His Crusade
Cut from that plum job and running, like anyone, for anything
To hold body and soul together, you look more
Like us now--scared but still peevish, defeated, but still possessing
A hint of hauteur, the last remnant of the visage
Of a commanding breed: sleek, well-tailored, insouciant,
And without memory of defeat. You cling to your decades
(Or was it centuries?) of hegemony like armor,
The old decorated breastplates and dull mail leggings
That brought fear to those you defended
As well as those you conquered.
We’ve sailed back to those once-pristine islands
You rewarded to your paladins, found streets thick
With stick-thin dogs and children worse, like ghosts,
Their mothers dead from the first wave of raiders,
Their fathers dead, in retreat, or treating with the enemy:
Quisling, marked, repulsive.
After Szymanowski’s Op. 2 Nocturne and Tarantella
This all must begin with a man
hunched over it—in trench coat,
in an unpromising, short brimmed hat,
looking in on a sleeping child.
It had to seem suspicious, no one would think it
anything but suspicious, but we knew
it was the old country countryman
at long last met with his estranged and stolen
child.
From far away, from that country
he’d thought he left forever
so long ago, he tracked the man
who stole his wife and stole his child.
He walked the streets of his old homeland
again, and was crowded and narrowed by
turrets and bayed windows and
felt again he was shinnying through
a tunnel, desperate again to escape.
He looked and looked but found only
the lost addresses again, and had to
make it all the way back home
and speak to his mother, again
seeking some way to find the child in the America
he left.
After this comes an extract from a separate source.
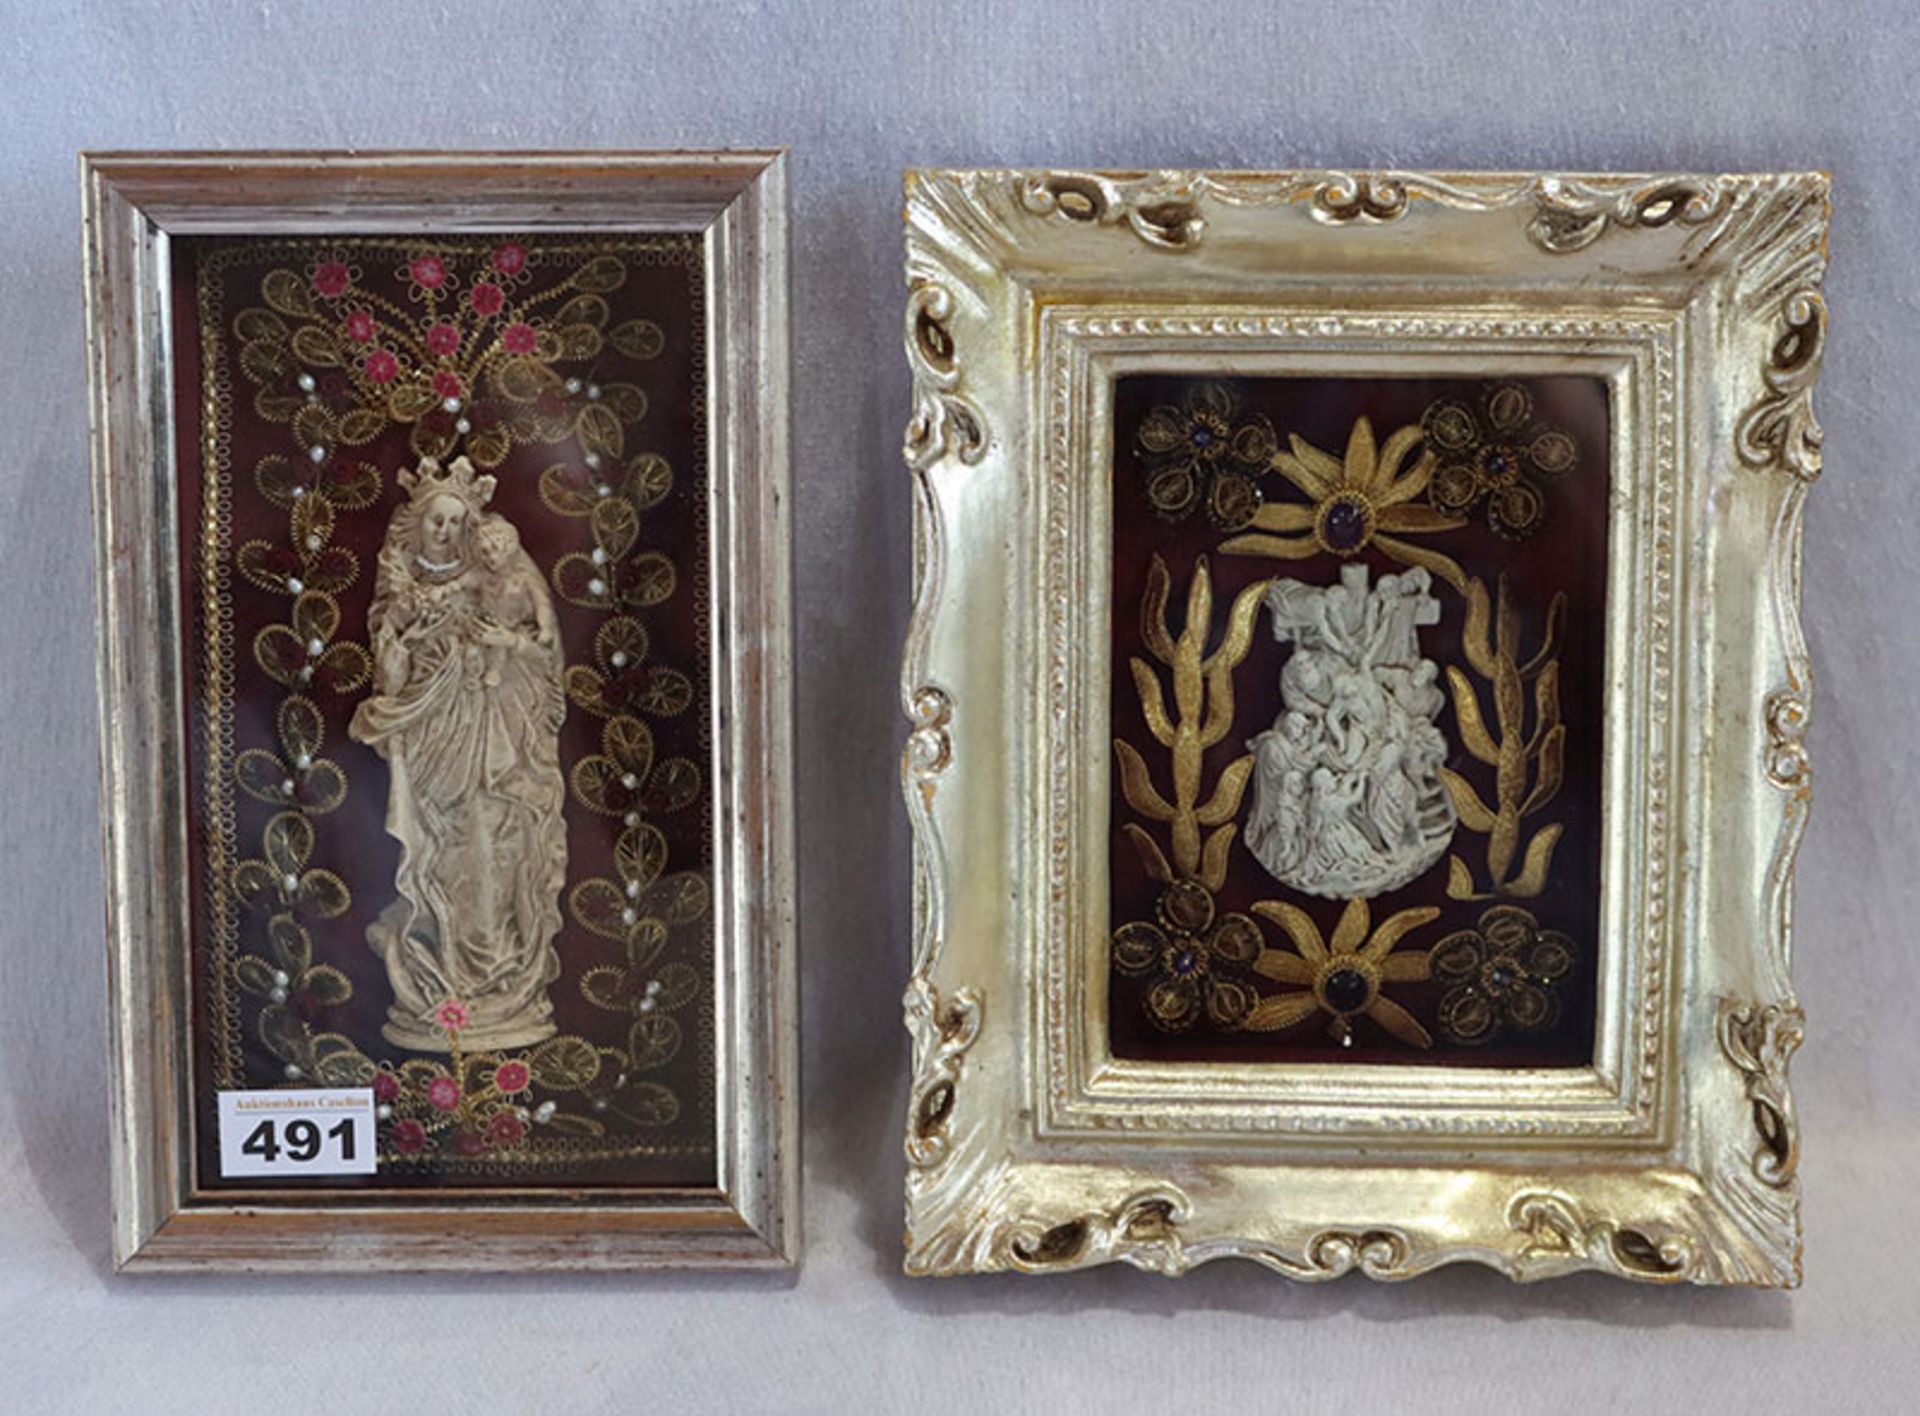 2 Klosterarbeiten mit Reliefdarstellungen, Kreuzabnahme und Maria mit Kind', reich verziert, unter

The corner store was rich from his remittances,
the dowdy square alive and flower-freshened
from the happy efforts his townsmen made,
but the broad wound of his lost love and daughter
could only be healed from here—he knew,
by a mystery neither he nor I can speak,
that he here would find some key.
What shade did he know to find here, what talent,
forgotten or buried, would emerge
before his eyes?
The simple motions of the village revealed no mysteries,
and his fellows there, first envious, were now
amused at the once-legendary remitter,
and laughed behind his back and made
jokes at his expense to their wives
and older children.
He sat in tavern brighter with neon
than any he’d remembered there, and
when the nocturne broke into the tarantella,
something broke through his mind’s
stern inner gaze. Two school friends
sat with him, one on each side, seeming
friendly, looking askance, and as the
long-faced woman with her long full hair
began the violin tarantella, he remembered
exactly the look of the man who had stood
by the house so many days, exactly the look
of the automobile he drove, his thin face,
his knobby hands, his breath redolent of Kreteks
as he walked by and into the building.
It was not the nocturne but the tarentella
the completed the story, that brought him
back to America, that caught and devoured him,
then put him back at his daughter’s side.